Recently I was reminded once again just how brief life here on earth is, and just how unpredictable our future can be.  Carrying around baggage like resentment, bitterness, un-forgiveness adds so much stress to our lives and certainly reduces the amount of time we have to enjoy this life to the fullness.  When you think about it, the amounts of damage and pain we unintentionally inflict on our bodies and minds physically, mentally, and emotionally are unreal!  

I’m convinced this is the kind of STUFF Jesus is referring to when he says; Come all who are burdened and heavy laden, I will give you rest.  Place My yoke upon you, for it is light.   We have to be willing at some point in our lives to lay it all down and resist the urge to pick it back up again!  We must walk away – walk in the direction of the light and away from the darkness. He will rescue us – He will show us how to forgive, where to find strength, peace and comfort in times of grief, turmoil, strife, and chaos.  I ask you; what is it that we suffer that Jesus hasn’t suffered as well? 

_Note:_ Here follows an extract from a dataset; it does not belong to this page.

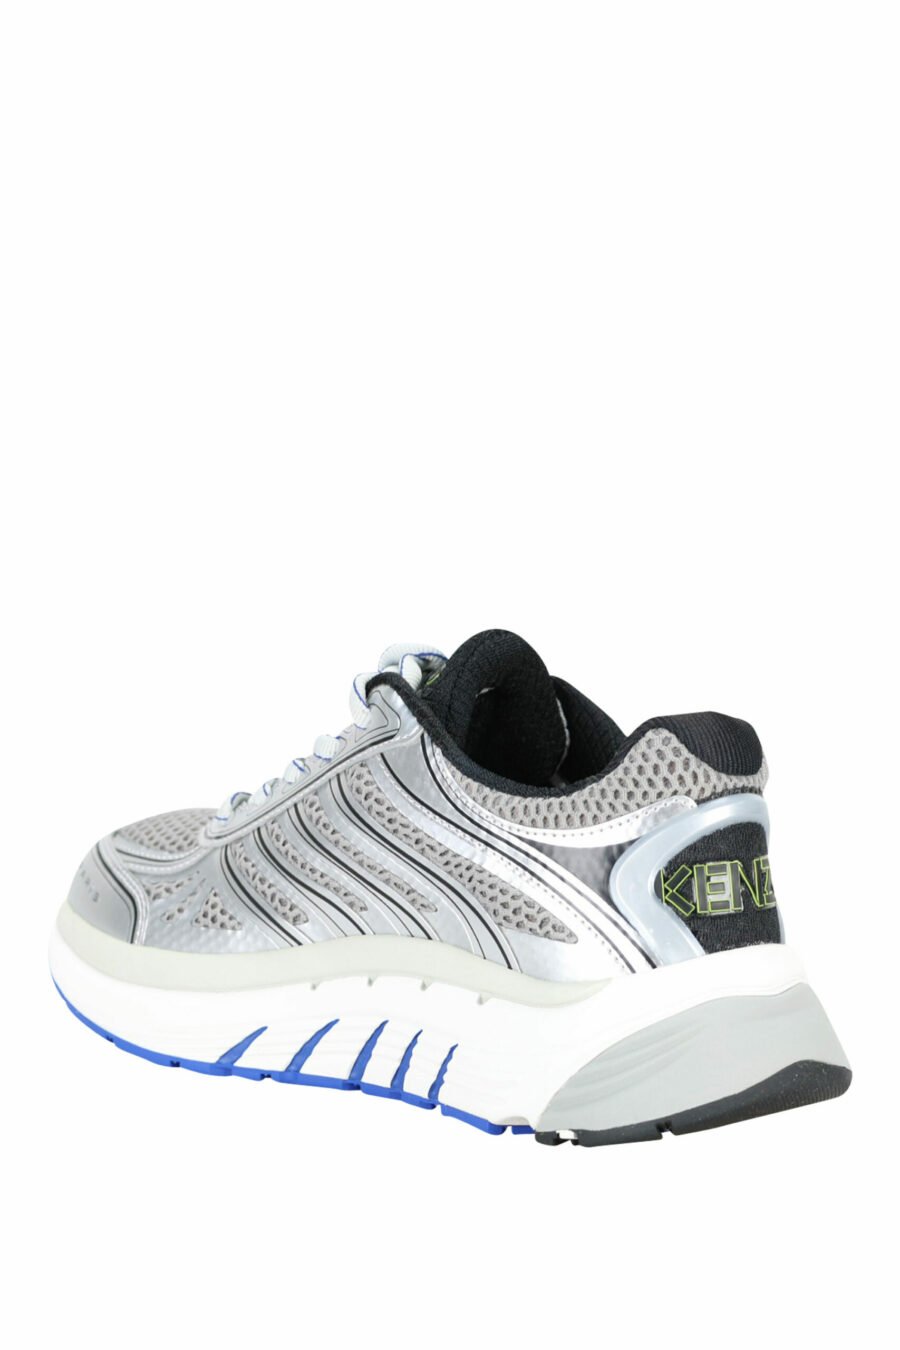 Zapatillas grises con azul "kenzo tech runner" - 3612230549418 3 scaled
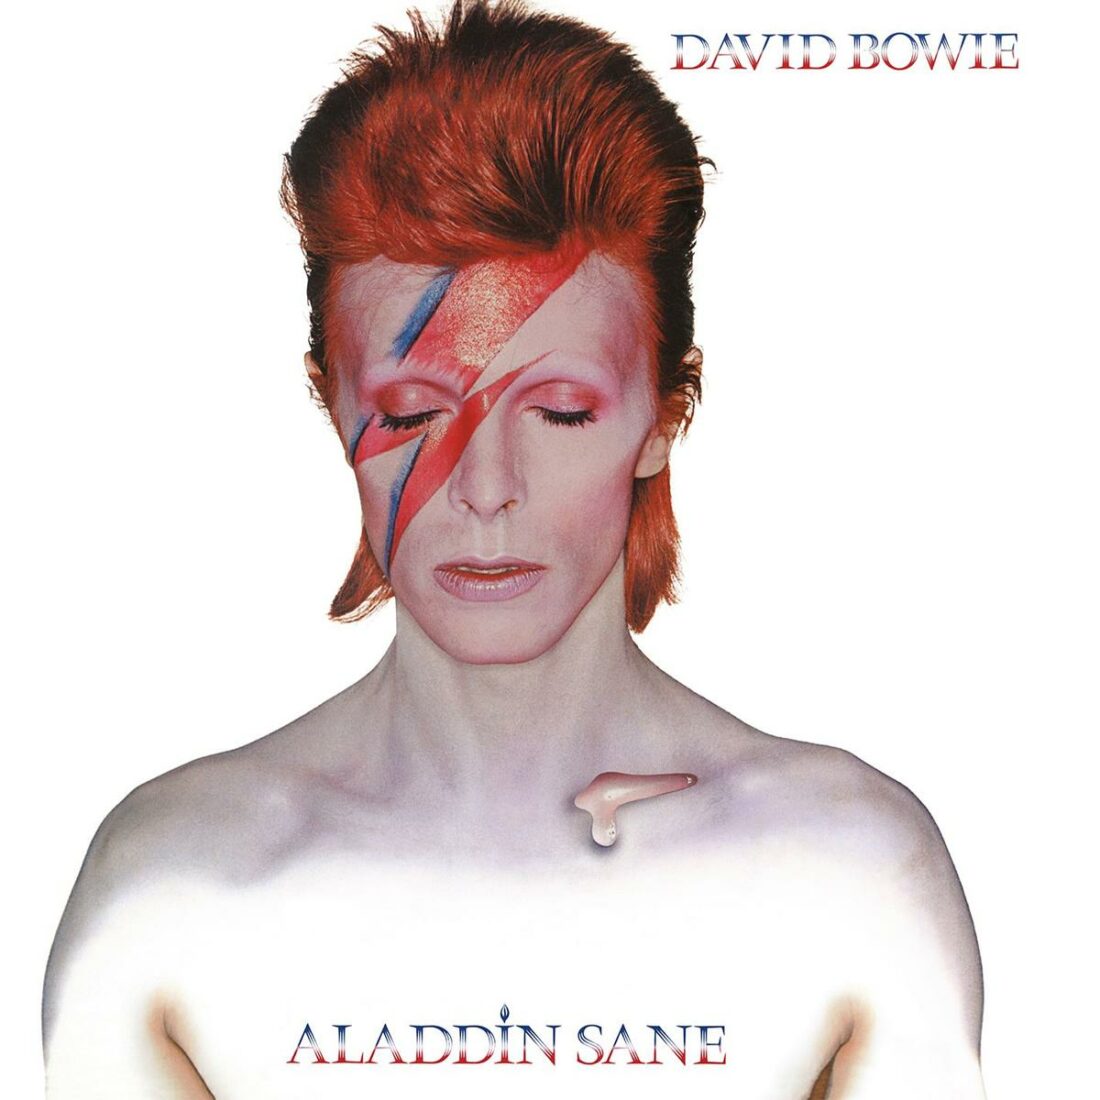 David Bowie, Aladdin Sane. (From: Amazon)

 I’m praying for all the Jennifers and Amandas out there, struggling with the resentment and un-forgiveness laying just beneath the surface of their lives. doug





2 comments:

Anonymous said...

With each of your postings, when I finish, I am amazed with the same thought--why is Doug Sharpe an investigator when he can write so clearly and with such depth that "I get it?"
I really would like the answer to my question.
PS I can "one up" you. I studied date processing when a computer took up a whole room and yes, I wrote flow charts too with Mr. Lindley at Jeff State in 1966, believe it or not!

desharp said...

Tonight I read your comments on some of these entries for the very first time. Im both humbled by your comments and sadly disappointed I didn't see them so many years ago. Thank you for what you wrote, especially what you shared about your own experiences. I loved that part of your comments. I would love to know who you are. If we're friends on social media please send me a message letting me know it was you. Thank you, Be blessed!!!